Шигараки никогда не считал себя идеальным. Он был ребенком, когда своими руками уничтожил семью; ему было четырнадцать, когда после стольких лет жизни на улице и преступлений его взяли под чье-то крыло, охраняющее справедливость. Ему было восемнадцать, когда он познакомился с Шинсо. Все еще восемнадцать, когда он стал злодеем.
В их доме всегда тихо, и ветер гуляет по полу сквозняком, потому что Шигараки не знает, что такое не болеть, а Шинсо говорит, что он сродни печке: укрыться одеялом, прижаться к нему - и холодно даже на земле, усыпанной цветными листьями, не будет. Шинсо бурчит: было бы неплохо выяснить все-таки, что не так с его здоровьем и температурой, но раз Шигараки не хочет, что ж. Шинсо просто будет рядом. Будет прижиматься всем телом, согревая и мониторя температуру, слушать сердцебиение, служа лучшим аналогом стетоскопа.

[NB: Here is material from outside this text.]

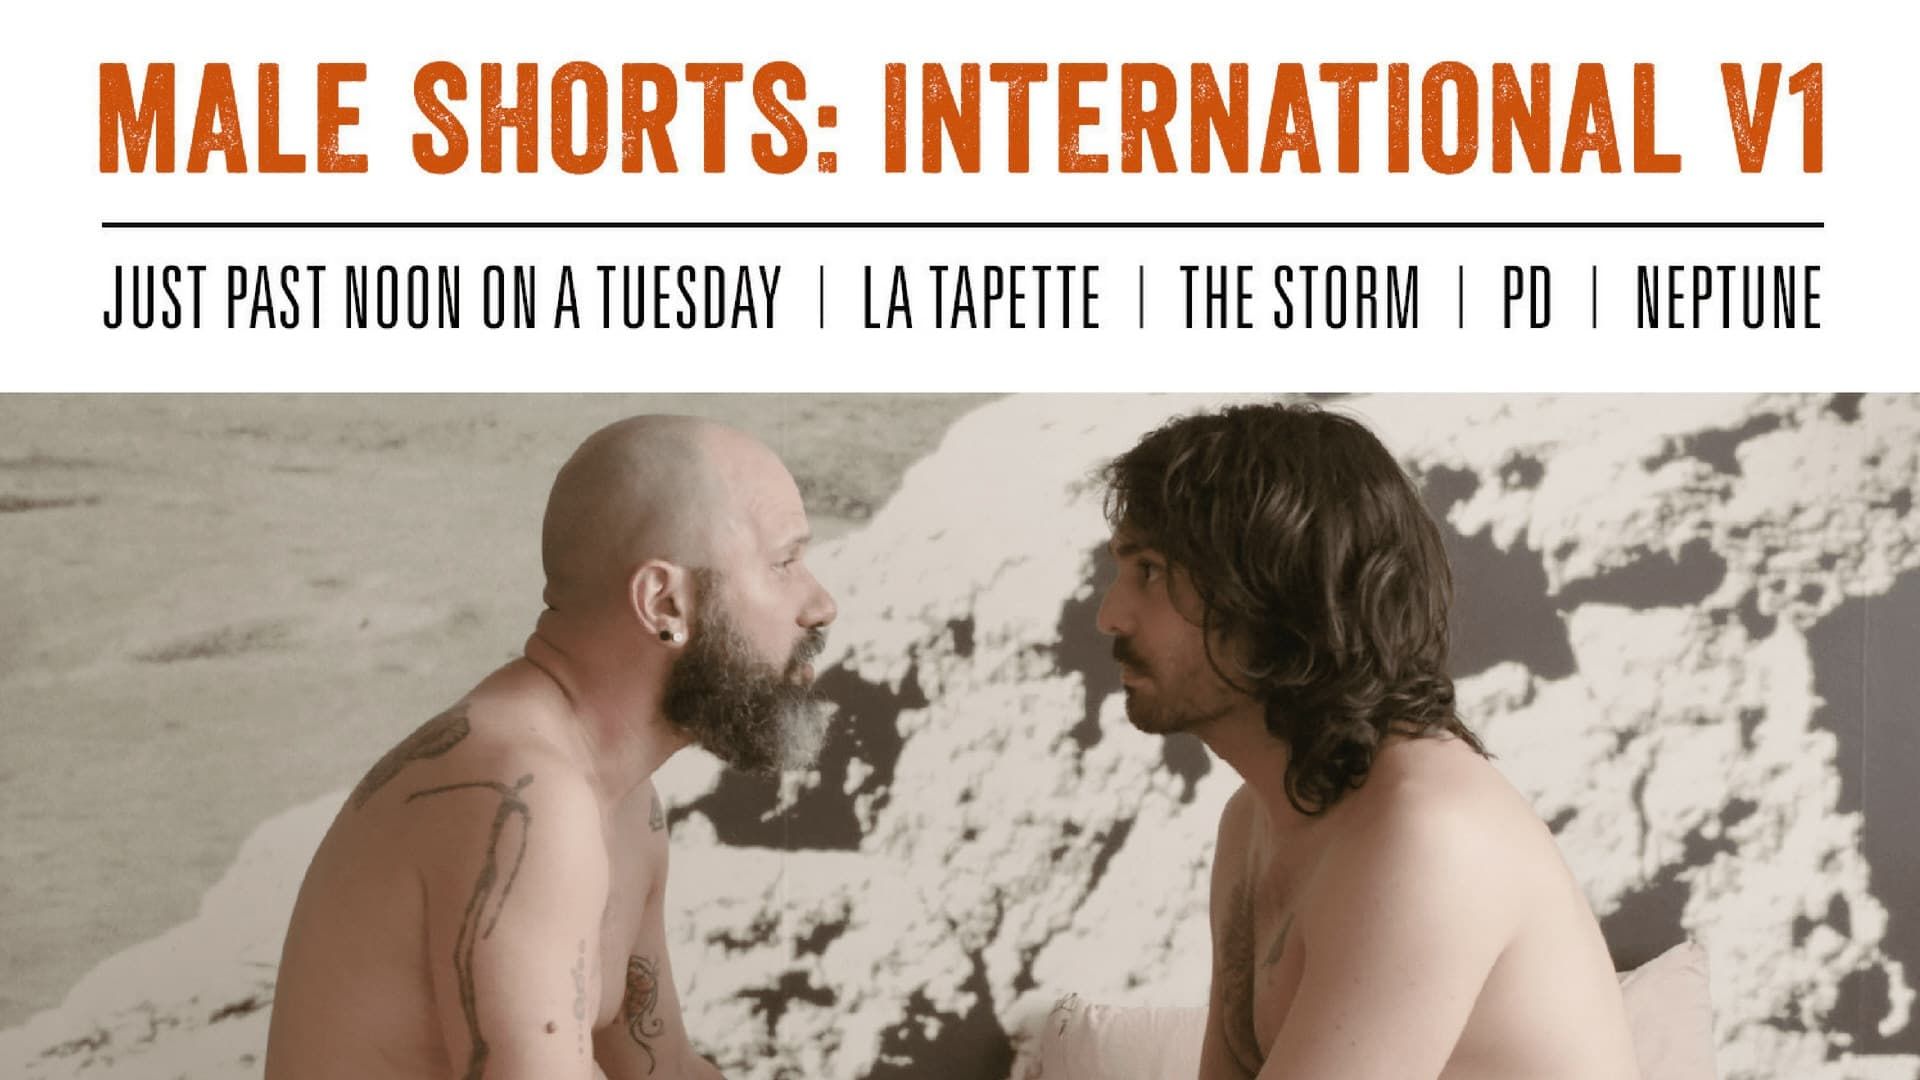 Male Shorts International V1 background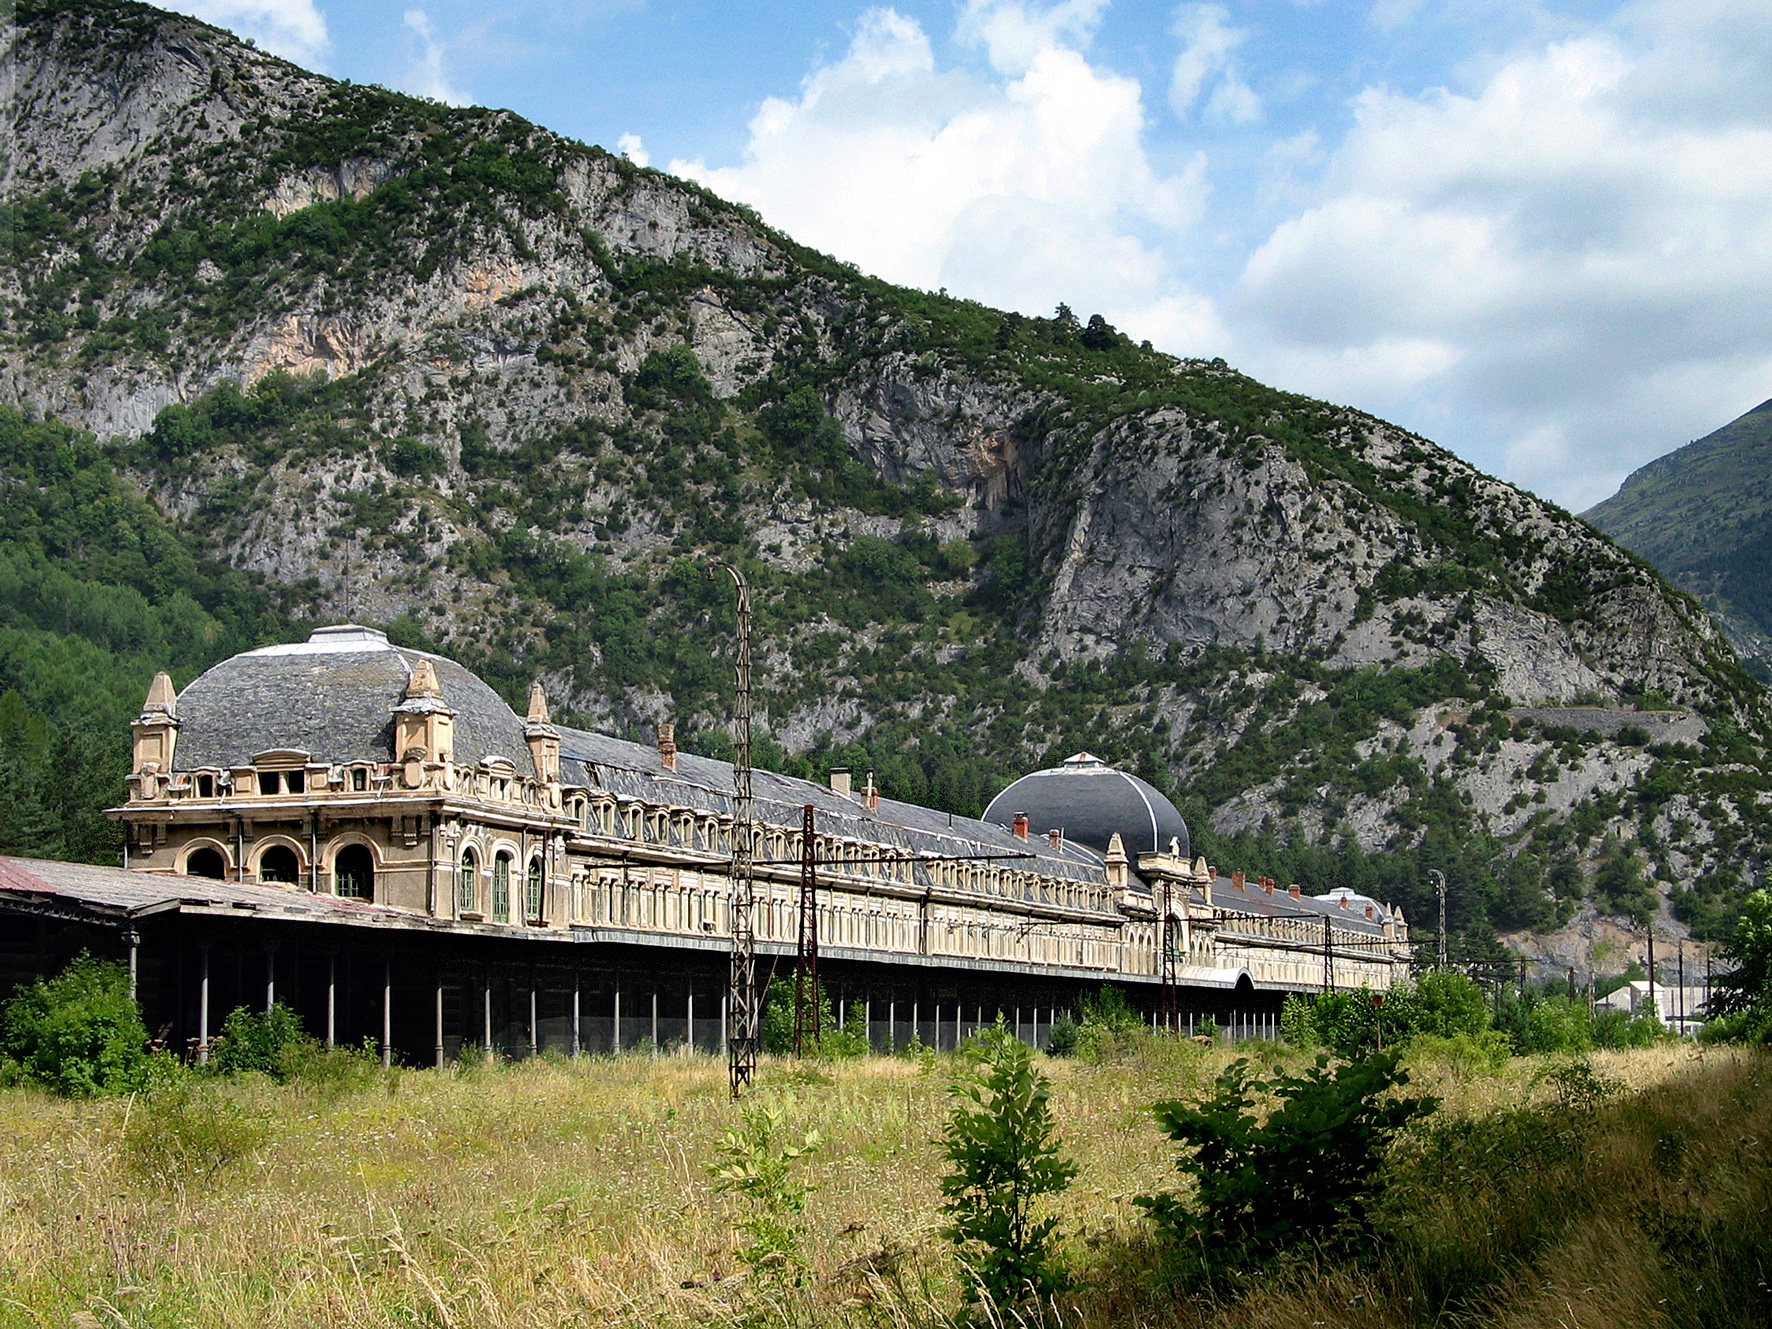 Fotografía con una vista general de la estación y la hierba donde debía haber vías y trenes

В их доме тихо, и самый громкий звук это смех от щекотки в качестве тормошения по утрам или глупых шуток: у них обоих отчаянно плохое чувство юмора, но они стараются. В их доме тепло, уютно и достаточно светло, а еще можно зажечь свечи, и нет страха перед чужой причудой. Контроль и разложение - иногда Шинсо думает, что бы было, если бы у них был общий ребенок. В той или иной мере совместивший в себе две причуды, очевидно злодейские, по мнению общества. Он думал: тот был бы сильным и ему пришлось бы многое пережить.
Он думал: вот только ему не пришлось бы переживать все одному, как им с Шигараки. Шинсо бы позаботился.
Но пока из общих маленьких существ у них только кошки, и Шинсо переполняется нежностью каждый раз, как видит, как они любят Томуру. Глубокие прикосновения правой руки, теплые, долгие, - Шинсо знает, что это такое, в этой любви они с кошками заодно.
Шинсо любит.
В их доме всегда тихо, ветрено, но тепло, и для нескольких кошек всегда находятся руки, готовые их погладить.
В их доме любят, и это чувствуется.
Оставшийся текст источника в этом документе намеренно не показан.